This package implements a nearest-centroid transcriptomic classifier, that assigns class labels according to the consensus molecular classification of Muscle-Invasive Bladder Cancer (Manuscript submitted). The consensus classification identifies 6 molecular classes : Luminal Papillary (LumP), Luminal Non Specified (LumNS), Luminal Unstable (LumU), Stroma-rich, Basal/Squamous (Ba/Sq), Neuroendocrine-like (NE-like).
Two example data sets are provided to run the classifier.

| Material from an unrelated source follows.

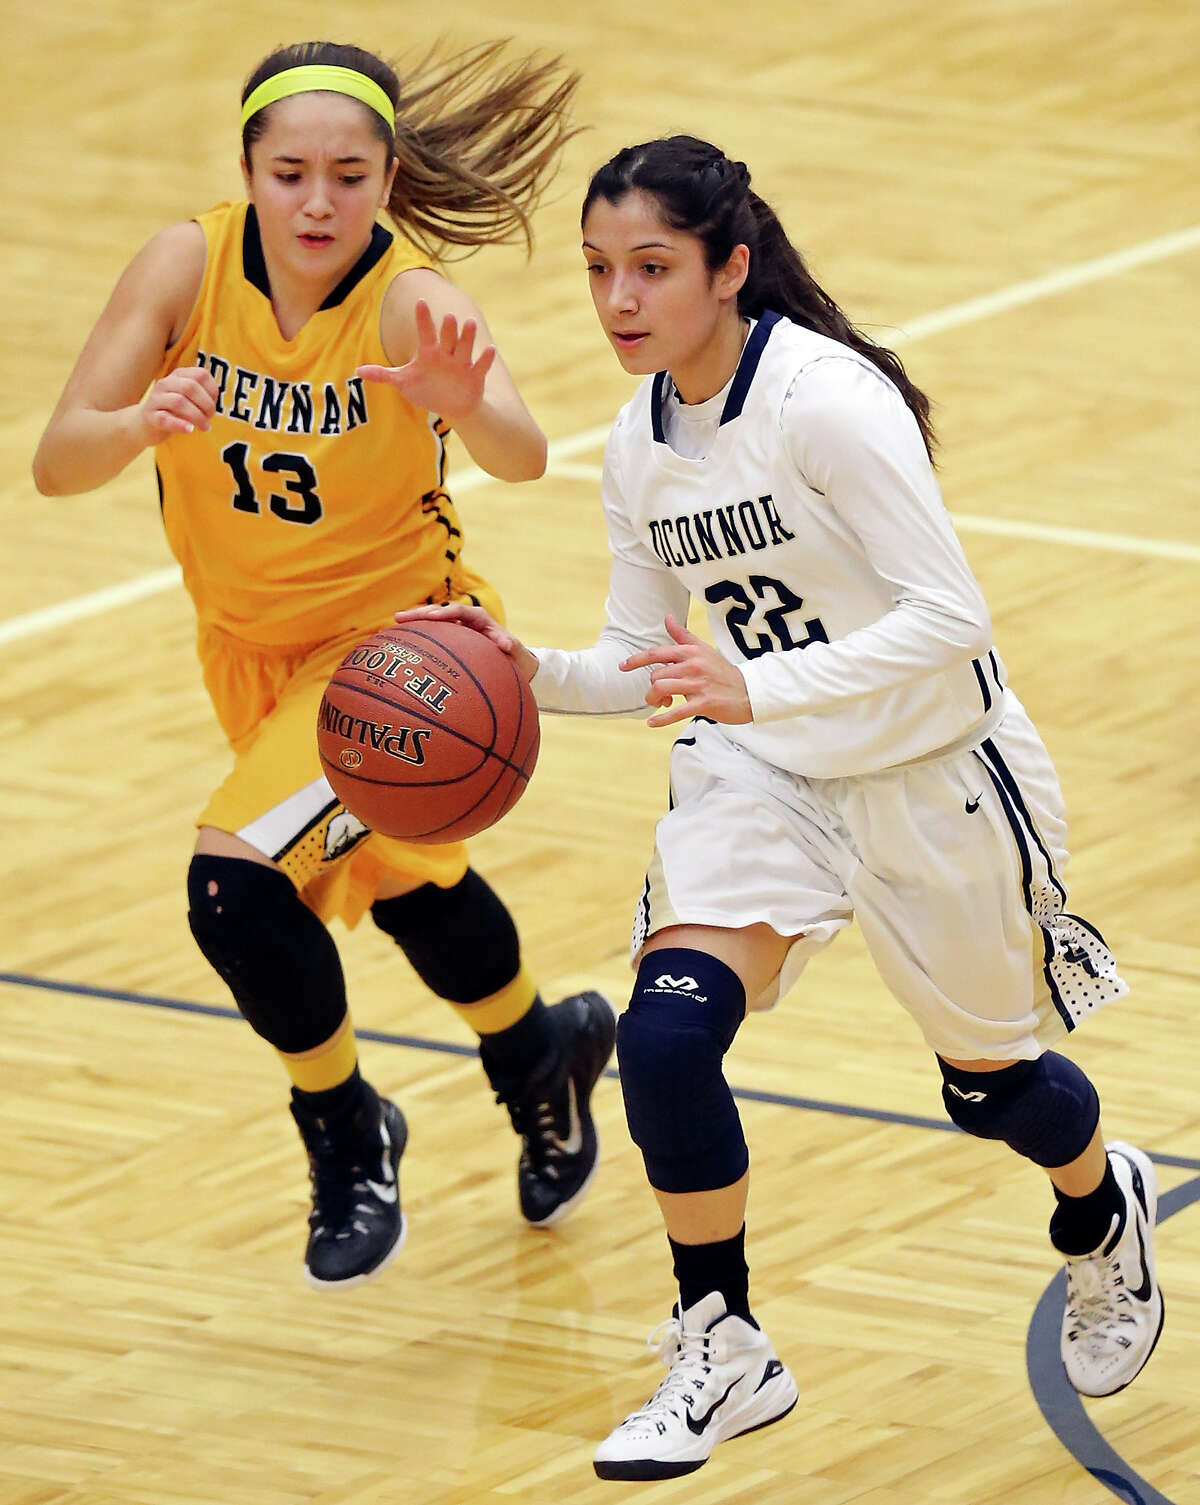 Brennan’s Megan Valdez impressed Southeastern Louisiana University coaches enough during a basketball camp to earn a scholarship offer.

For now, you can cite the following bioRxiv preprint: bioRxiv 488460; doi: https://doi.org/10.1101/488460
You may install this package with devtools:
library(devtools)
devtools::install_github("cit-bioinfo/consensusMIBC", build_vignettes = TRUE)
library(consensusMIBC)
To see example results for the consensusMIBC package, use the package vignette:
vignette("consensusMIBC")
getConsensusClass(x, minCor = .2, gene_id = c("entrezgene", "ensembl_gene_id", "hgnc_symbol")[1])
Where x
is either a single named vector of gene expression values or a dataframe formatted according to the example data sets provided (unique genes in row, samples in column). Gene names (vector names or dataframe rownames) may be supplied as Entrez IDs, Ensembl gene IDs, or HUGO gene symbols. RNA-seq data needs to be log-transformed, for example using log2(normalized counts + 1).
minCor
is a numeric value specifying a confidence minimal threshold for best Pearson's correlation. Classifier predictions relying on a correlation lower than minCor
are set to NA. Default is 0.2
.
gene_id
is a character value specifying the type of gene identifiers used for the names/rownames of x : entrezgene
for Entrez IDs, ensembl_gene_id
for Ensembl gene IDs, or hgnc_symbol
for HUGO gene symbols. Default value is entrezgene
.
data(tcgadat)
# Single sample classification
getConsensusClass(tcga.dat[, 1])
# consensusClass adjusted_pval separationLevel LumP LumNS LumU Stroma-rich Ba/Sq NE-like
#ss LumP 1.698954e-90 0.6626931 0.6176298 0.5735781 0.5641684 0.589056 0.575446 0.1820276
# Classification of a matrix of samples
res <- getConsensusClass(tcga.dat)
head(res)
# consensusClass cor_pval separationLevel LumP LumNS LumU Stroma-rich Ba/Sq NE-like
#TCGA-2F-A9KO-01A LumP 1.698954e-90 0.6626931 0.6176298 0.5735781 0.5641684 0.5890560 0.5754460 0.1820276
#TCGA-2F-A9KP-01A LumP 8.546007e-142 0.3213549 0.7284300 0.6806556 0.6938315 0.5608757 0.4695459 0.2734213
#TCGA-2F-A9KQ-01A LumP 8.031287e-137 0.5460606 0.7196396 0.6443850 0.6345979 0.5290542 0.4500750 0.2041000
#TCGA-2F-A9KR-01A Ba/Sq 3.288756e-94 0.2368501 0.5980346 0.4938276 0.4900237 0.5126923 0.6274487 0.2116246
#TCGA-2F-A9KT-01A Ba/Sq 3.171797e-108 0.6737278 0.5772637 0.5144653 0.5335134 0.5393338 0.6615954 0.2865093
#TCGA-2F-A9KW-01A LumU 6.990305e-83 0.6139238 0.5136967 0.5527899 0.5963426 0.5371054 0.4725626 0.3087334
table(res$consensusClass)
## Ba/Sq LumNS LumP LumU NE-like Stroma-rich
## 153 21 128 53 6 45
The classifier returns a dataframe with 9 columns :
consensusClass
returns the consensus calls for each sample. Calls are set to NA for low confidence predictions (maximal correlation is below the given minCor
parameter).
cor_pval
returns the p-value(s) associated to the Pearson's correlation of the sample(s) with the nearest centroid.
separationLevel
gives a measure of how a sample is representative of its consensus class. It ranges from 0 to 1, with 0 meaning the sample is too close to other consensus classes to be confidently assigned one consensus class label, and 1 meaning the sample is highly representative of its consensus class and well separated from the other consensus classes. The separationLevel is measured as follows : (correlation to nearest centroid - correlation to second nearest centroid) / median difference of sample-to-centroid correlation.
The 6 other columns return the Pearson's correlation between each sample and each consensus class.